[Recorded data]:

-------------------------

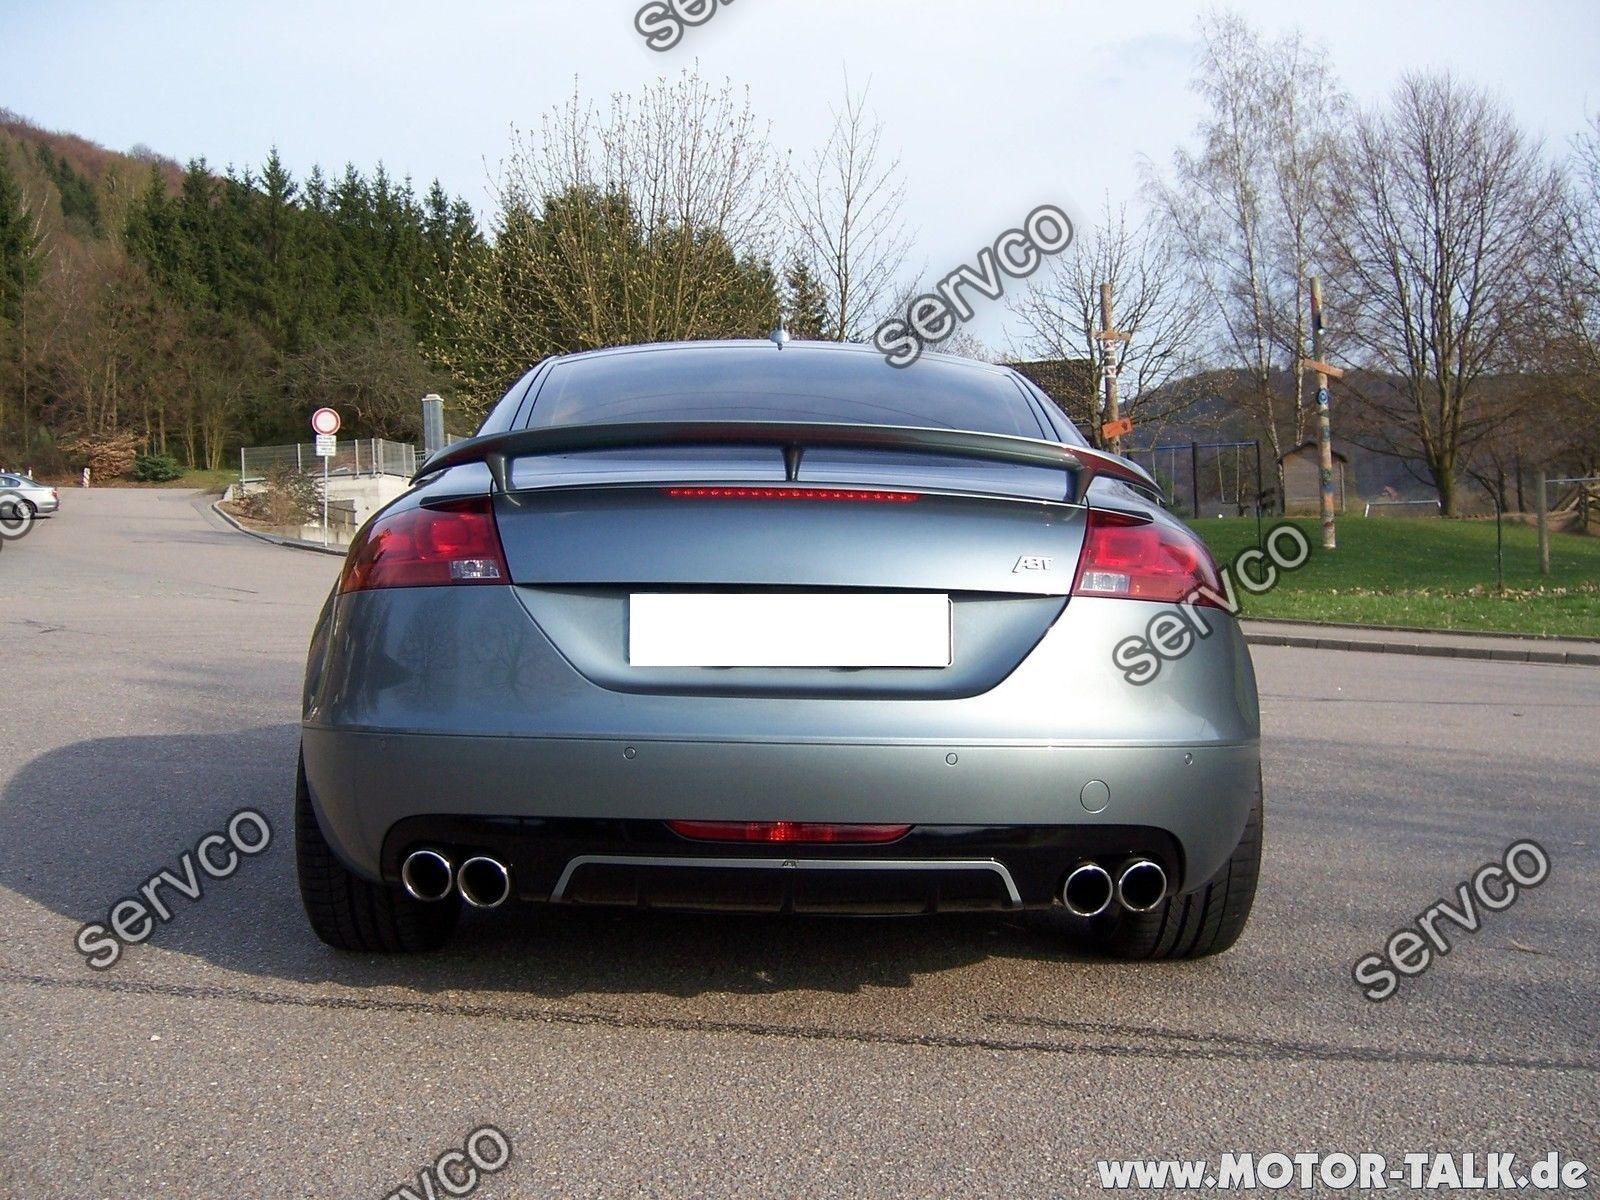 Difuzor bara spate Audi TT 8J Sline S ABT Ab look DTM Votex TT S RS 2006-2014 v2
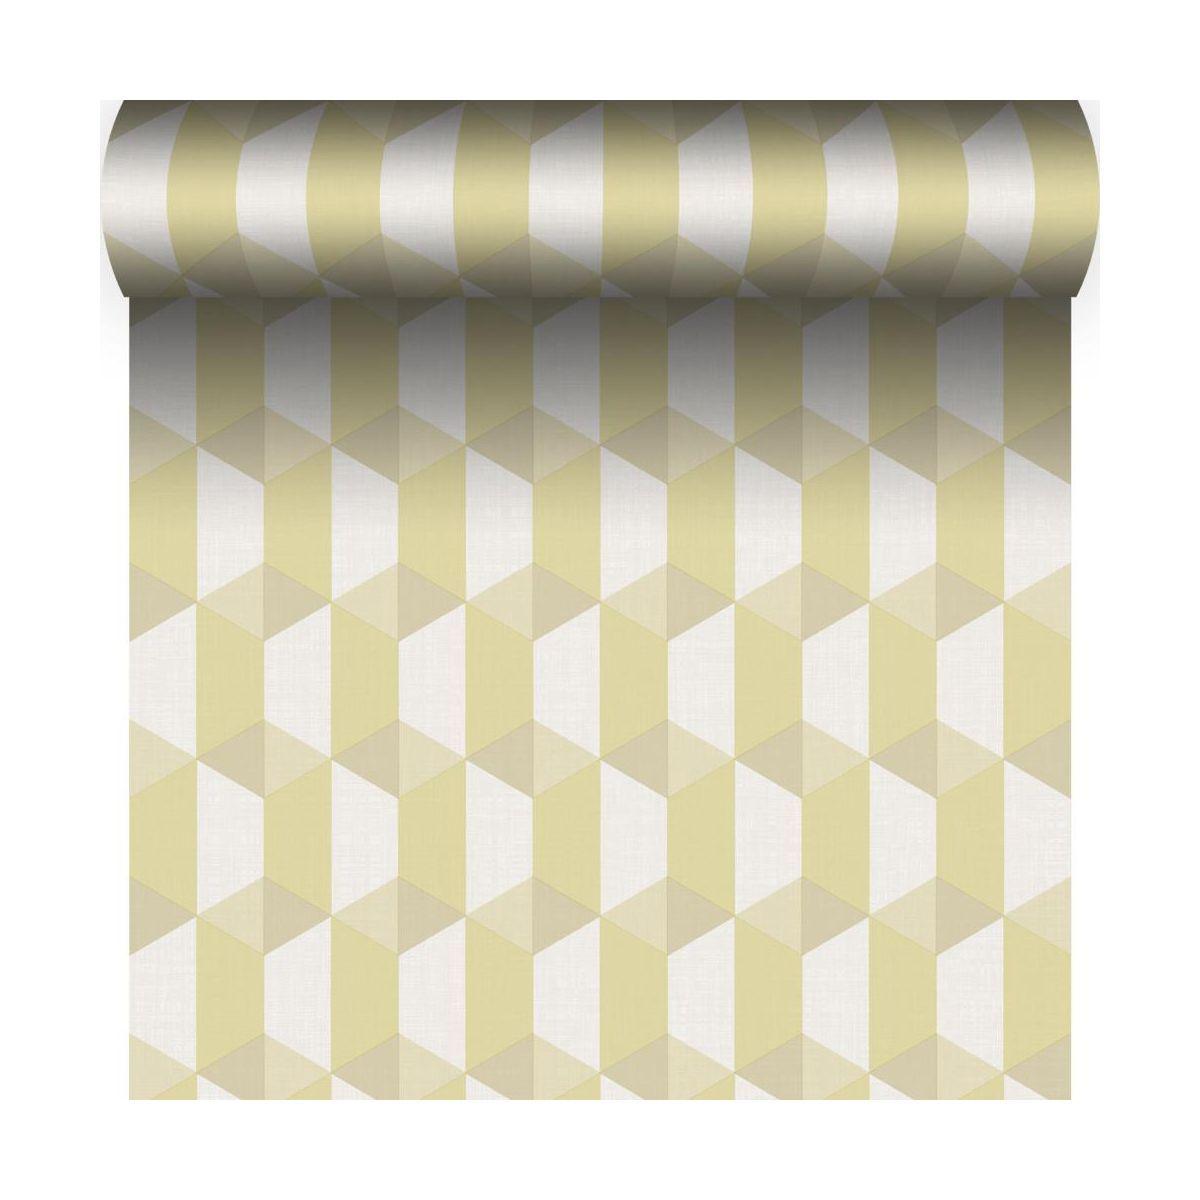 Tapeta Celia Grandeco Tapety Na Sciane W Atrakcyjnej Cenie W Sklepach Leroy Merlin Decorative Boxes Decor Home Decor
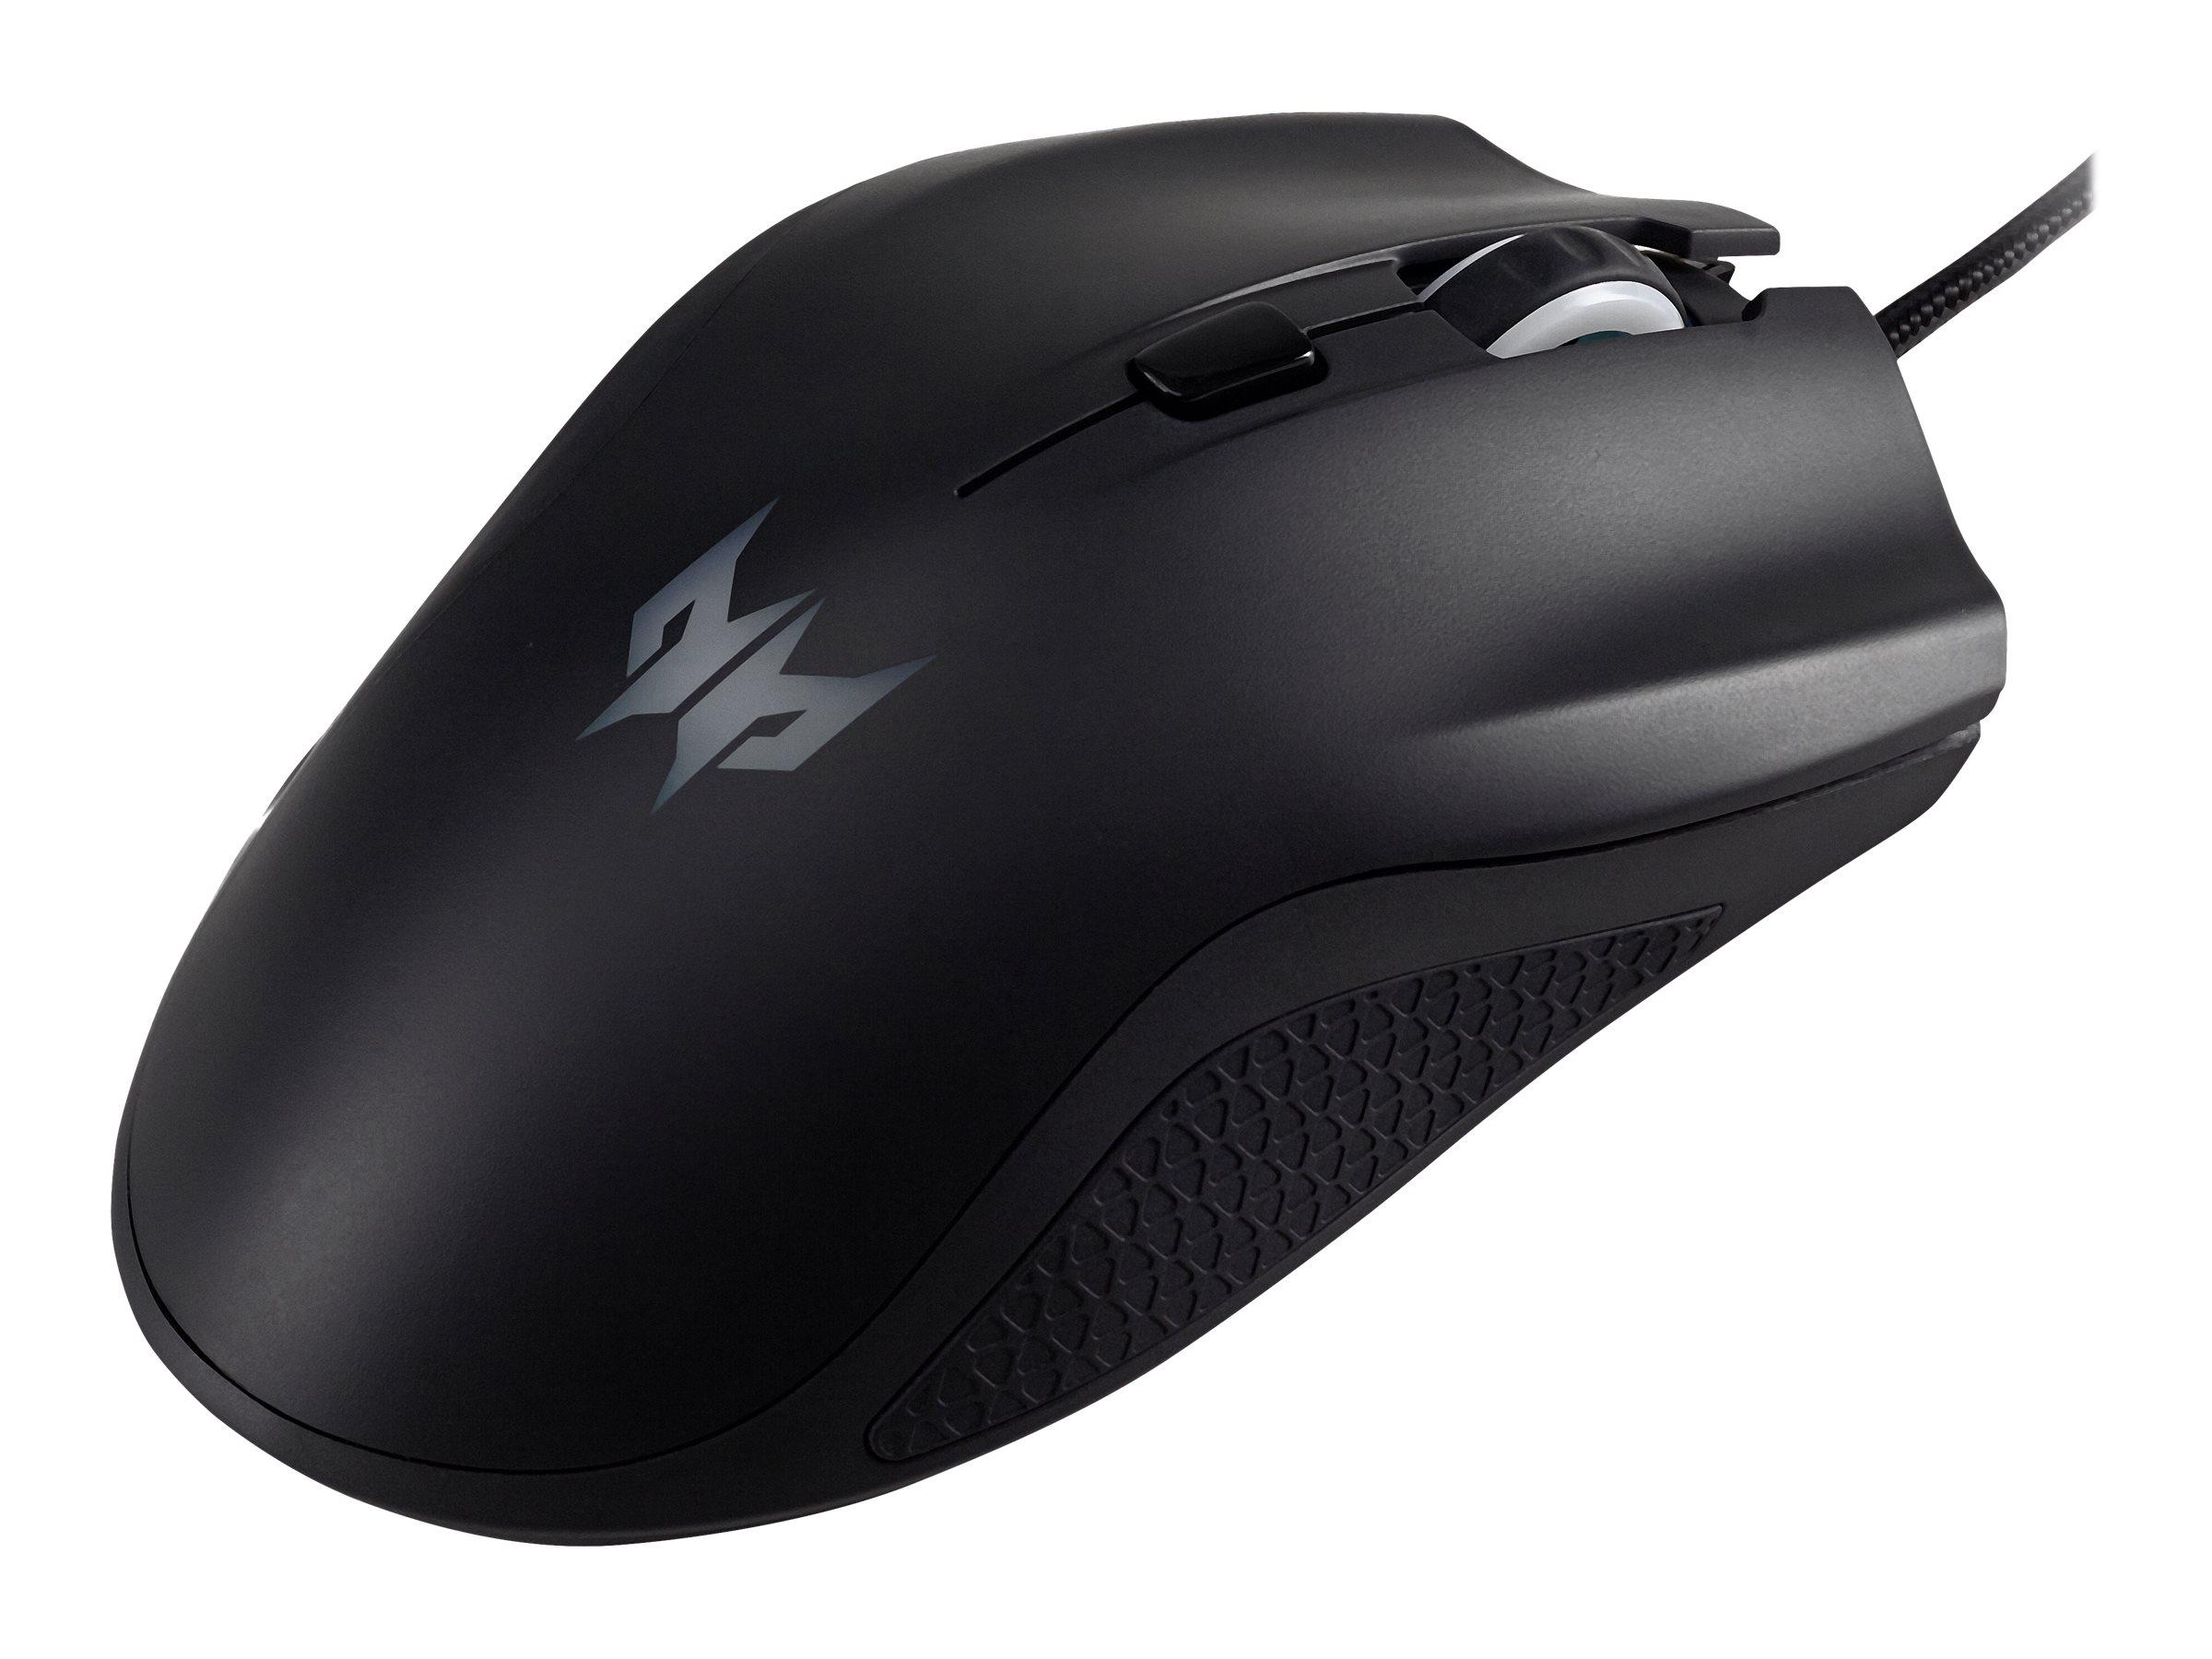 Acer Predator Cestus 320 (PMW800) - mouse - USB - black

-------------------------

[What needs to be done]: Each of the lines above should be transcribed exactly; no image is to be copied.

[Expected output]:
 Difuzor bara spate Audi TT 8J Sline S ABT Ab look DTM Votex TT S RS 2006-2014 v2
 Tapeta Celia Grandeco Tapety Na Sciane W Atrakcyjnej Cenie W Sklepach Leroy Merlin Decorative Boxes Decor Home Decor
 Acer Predator Cestus 320 (PMW800) - mouse - USB - black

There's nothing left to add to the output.